0:29:23.5 Maia Szalavitz: I think they work for some people. And I think that what we need to do is recognize that for every medical condition, there are cases where faith healing kind of things work, and especially if you are talking about a condition like addiction, where what you really need to recover is a sense of meaning and purpose and hope. And for some people, 12 steps certainly provide that. The problem is that you shouldn’t put it into a medical addiction treatment system, so right now, something 70%, 80% of our treatment system is focused on teaching people the 12 steps, teaching people that the only way to recover is going to meetings and being totally abstinent from all substances other than caffeine, sugar and cigarettes.

0:30:20.6 Maia Szalavitz: So this is the thing, it never should have been part of professional treatment because for example, if I go to treatment for depression, I don’t get told I have to get on my knees and take a moral inventory and make amends to the people I’ve harmed. If somebody told me that when I was in depression treatment, I would think that I was seeing a quack, and I would think that they’re blaming me for having depression, but when it comes to addiction, this suddenly is the default mainstream treatment. And so, while I think all human beings could benefit from moral inventory and making amends to people they’ve harmed and all that good sort of spiritual work that you can do, if you single out people with addiction to be the only people in medicine and psychology, that get a moralizing treatment, how is that not stigmatizing them? How is that not saying addiction is not a disease? Even though people in 12-​Step insist over and over that they believe addiction is a disease, but they also believe it’s a disease that has the only moral treatment in medicine.

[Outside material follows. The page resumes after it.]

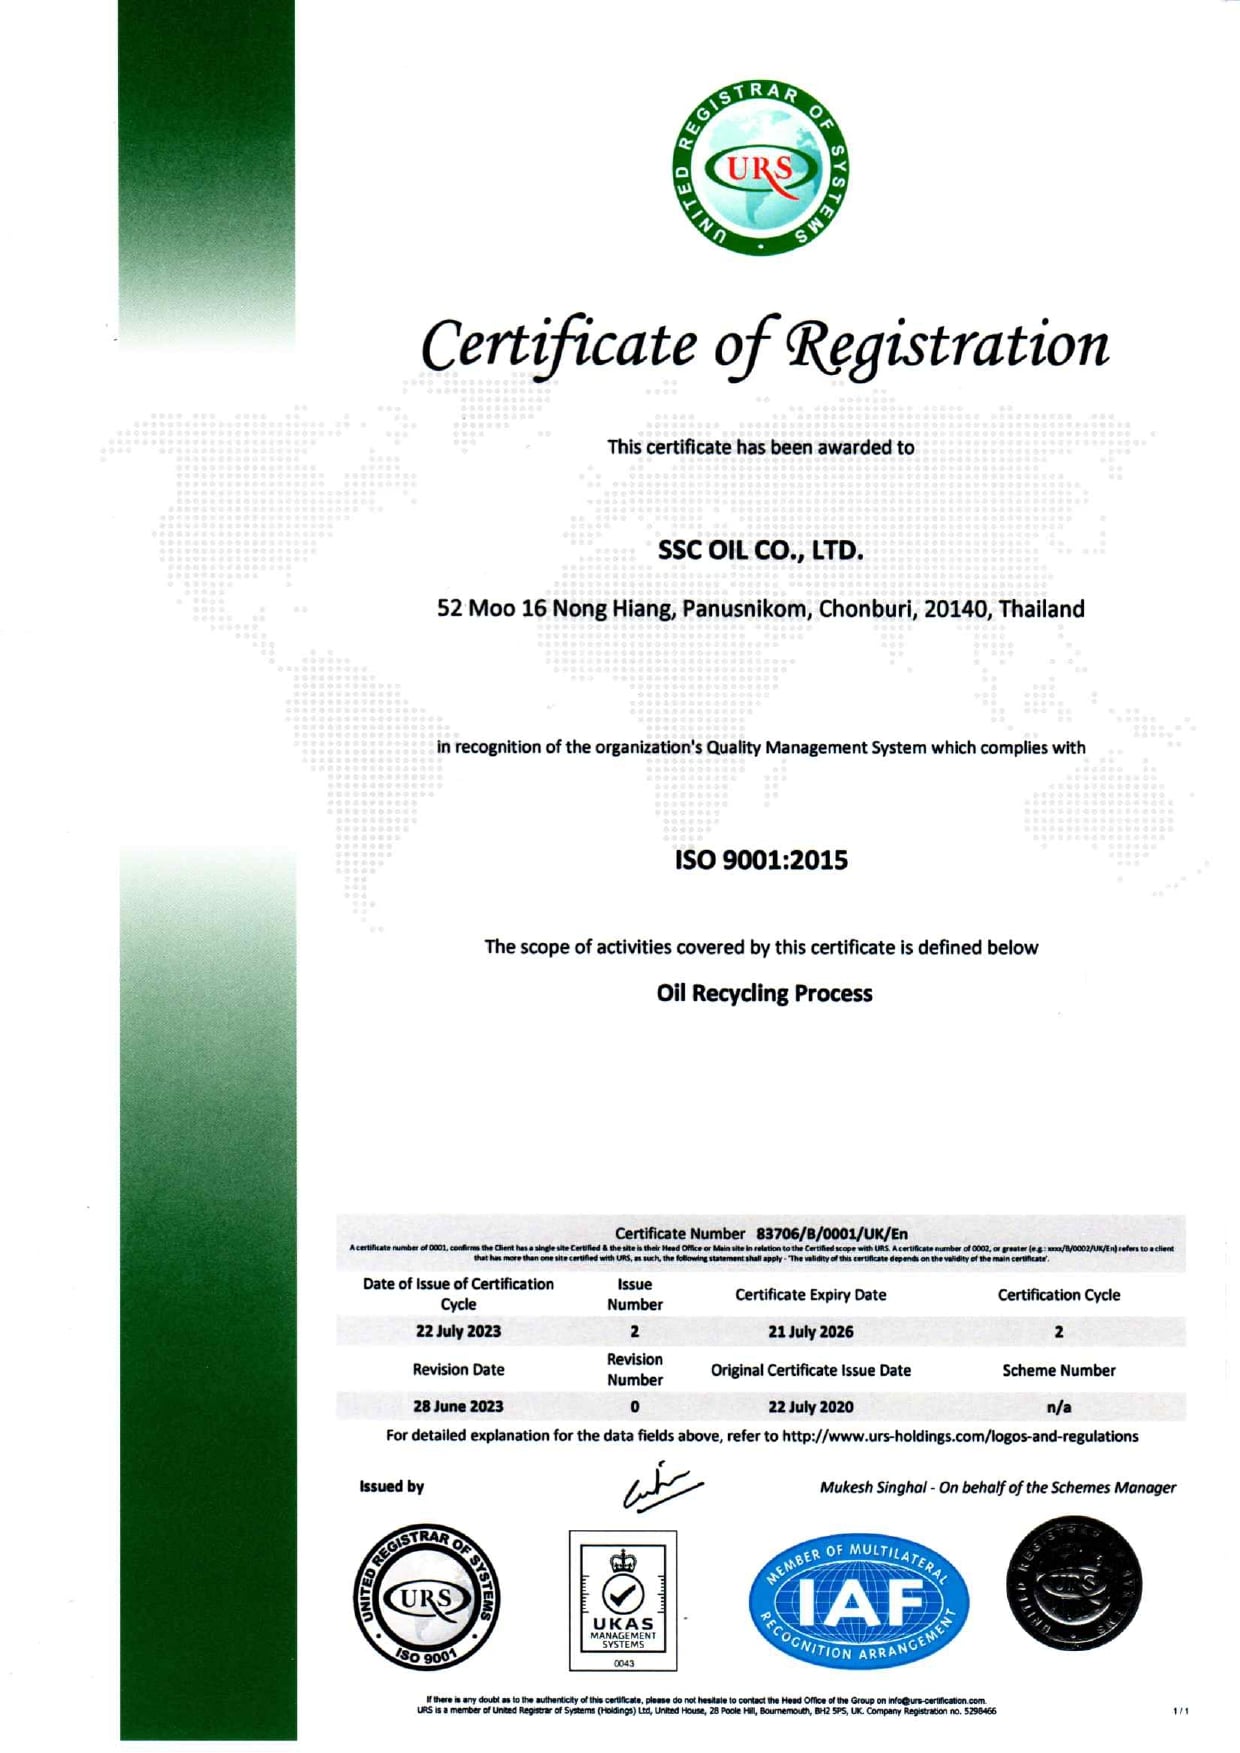 Certificate for ISO 9001-2015 for ssc oil

0:31:28.9 Maia Szalavitz: So in order to get rid of this controversy and yet let people benefit from the fact that as mutual aid, as help in the community, it’s free, it’s available 24/7 in most places, and it provides social support, which is essential for many… For most people’s recovery. So it’s like this thing where I am being seen as either way too 12 steps or way too anti 12 step, but what I’m trying to do is say in the community, 12 steps can be a wonderful source of social support, and for that reason, treatment providers should say, Look, if you’re gonna recover, it’s really important to have some social connections and support, that might just be your family, that might be a 12-​step group, that might be your exercise group, that might be your church, that might be your temple or mosque, or whatever, but you genuinely are going to need something that makes you feel connected and makes you feel like you have a purpose.

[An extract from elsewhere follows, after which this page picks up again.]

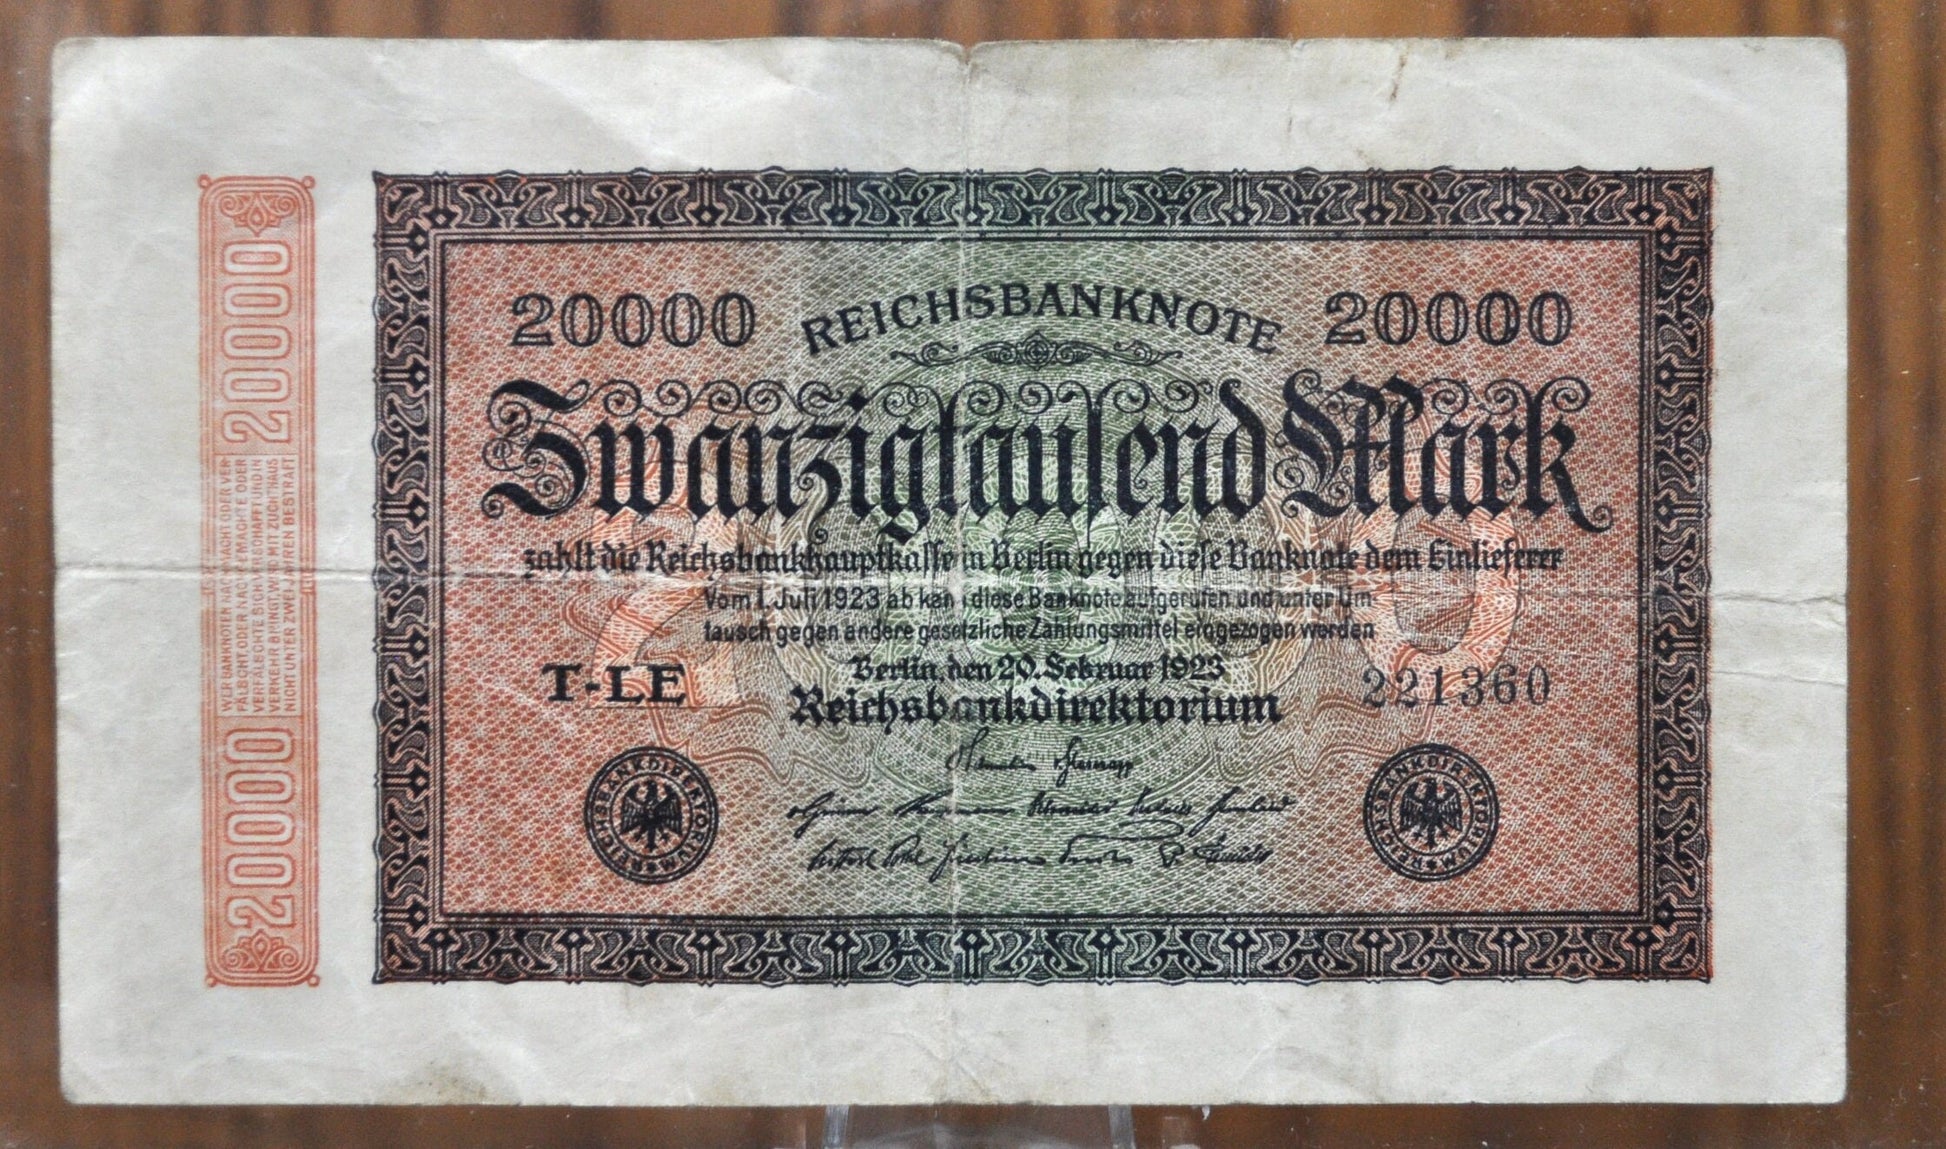 1923 20,000 Mark German Paper Note - Reichsbanknote - Great Condition - WWI era note - Twenty Thousand Mark Note

0:32:35.2 Maia Szalavitz: Employment is also helpful but basically, that is essential to recovery, people need to be able to find pleasure, meaning and purpose in something other than drugs, and relief. For some people, 12 steps can do that, for other people, they can be really harmful because when you look at the chapters, for example, on taking moral inventory, one of the things you’re supposed to do is look at your own part in the harm that happened, and so if you’re the survivor of child sexual abuse, you did not have a part in causing that, you should never be told to think that you might have, but that is kind of implicit in some of the literature there. And people have made it explicit in some of these abusive treatment centers where it’s like, Oh, you seduced that adult, and that is one of the most damaging things you can tell somebody who’s survived sexual abuse, so you really need to be careful with 12 steps also with people who have historically been oppressed, women, people of color, telling them that they’re powerless and that the only thing they can change is themselves. No, no, you can change a lot of other things, and seeing yourself as powerless is not a good political stance.

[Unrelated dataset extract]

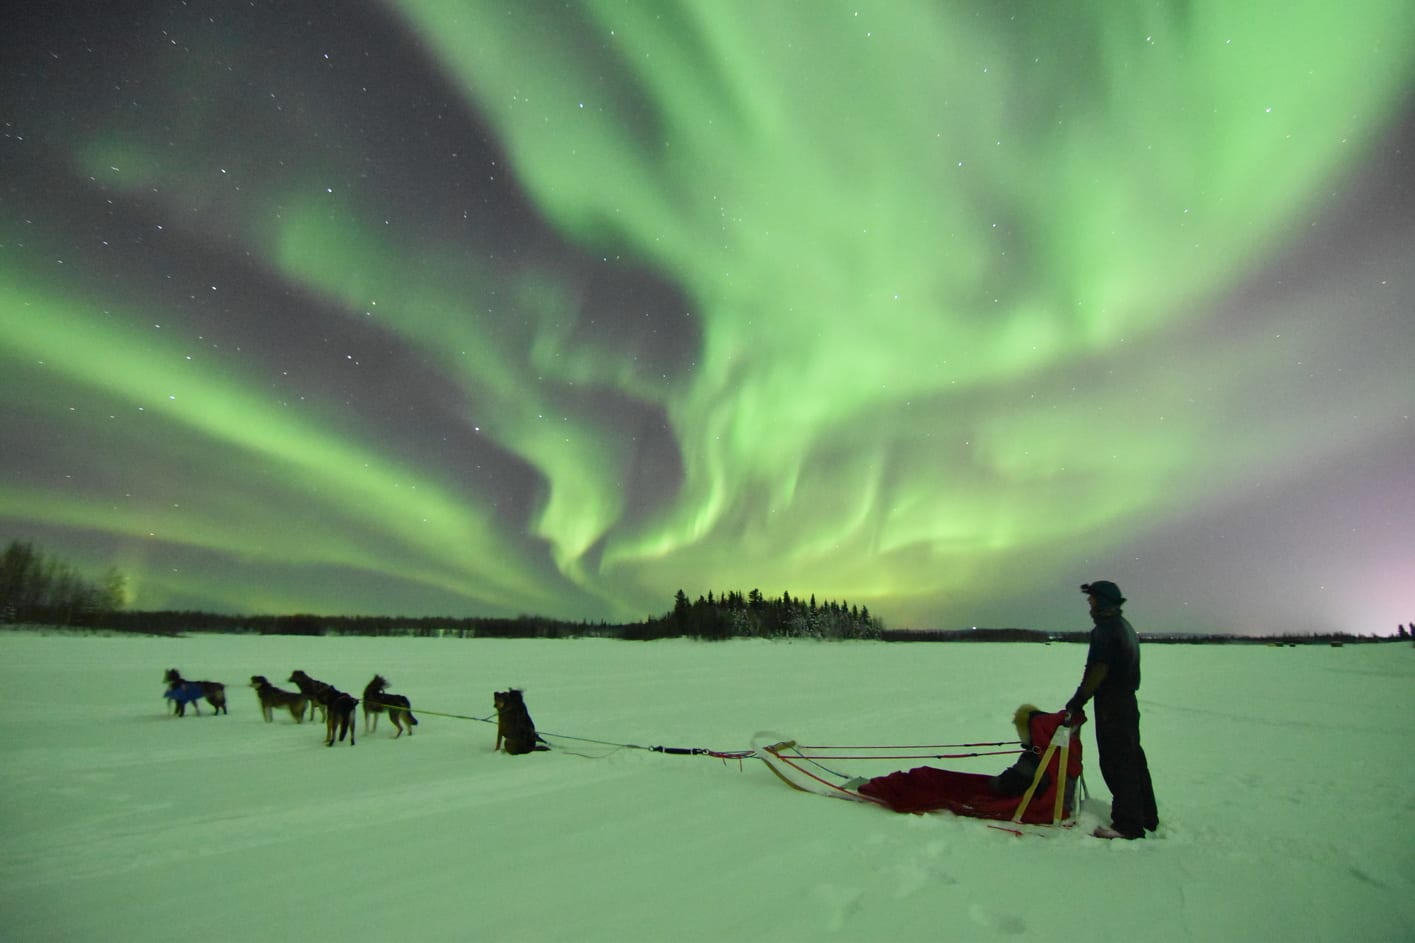 Tour de auroras boreales en Fairbanks con paseo en trineo tirado por perros

0:34:08.5 Trevor Burrus: It seems like in some context, I’ve known some people who were addicted and recovered, and obviously one of the most important points you made is, one thing is not for everyone, it’s a different thing, obviously, some people can use 12 steps, but I had friends who were very much into the disease model, and it made them think… It made them not take some amount of ownership aside from adverse childhood experiences or something like that, some amount of ownership of the choices they made that led them to being a compulsive user, and it was helpful for them to actually re-​conceptualize it as not exactly like depression, ’cause you can become depressed through just because your brain changes, but you do have to start using substances at some point to become compulsively, or a compulsive user of those substances, and so not taking ownership of your trauma, that happened to you, but taking ownership of the decisions you made that led you to the compulsive use, does that make sense?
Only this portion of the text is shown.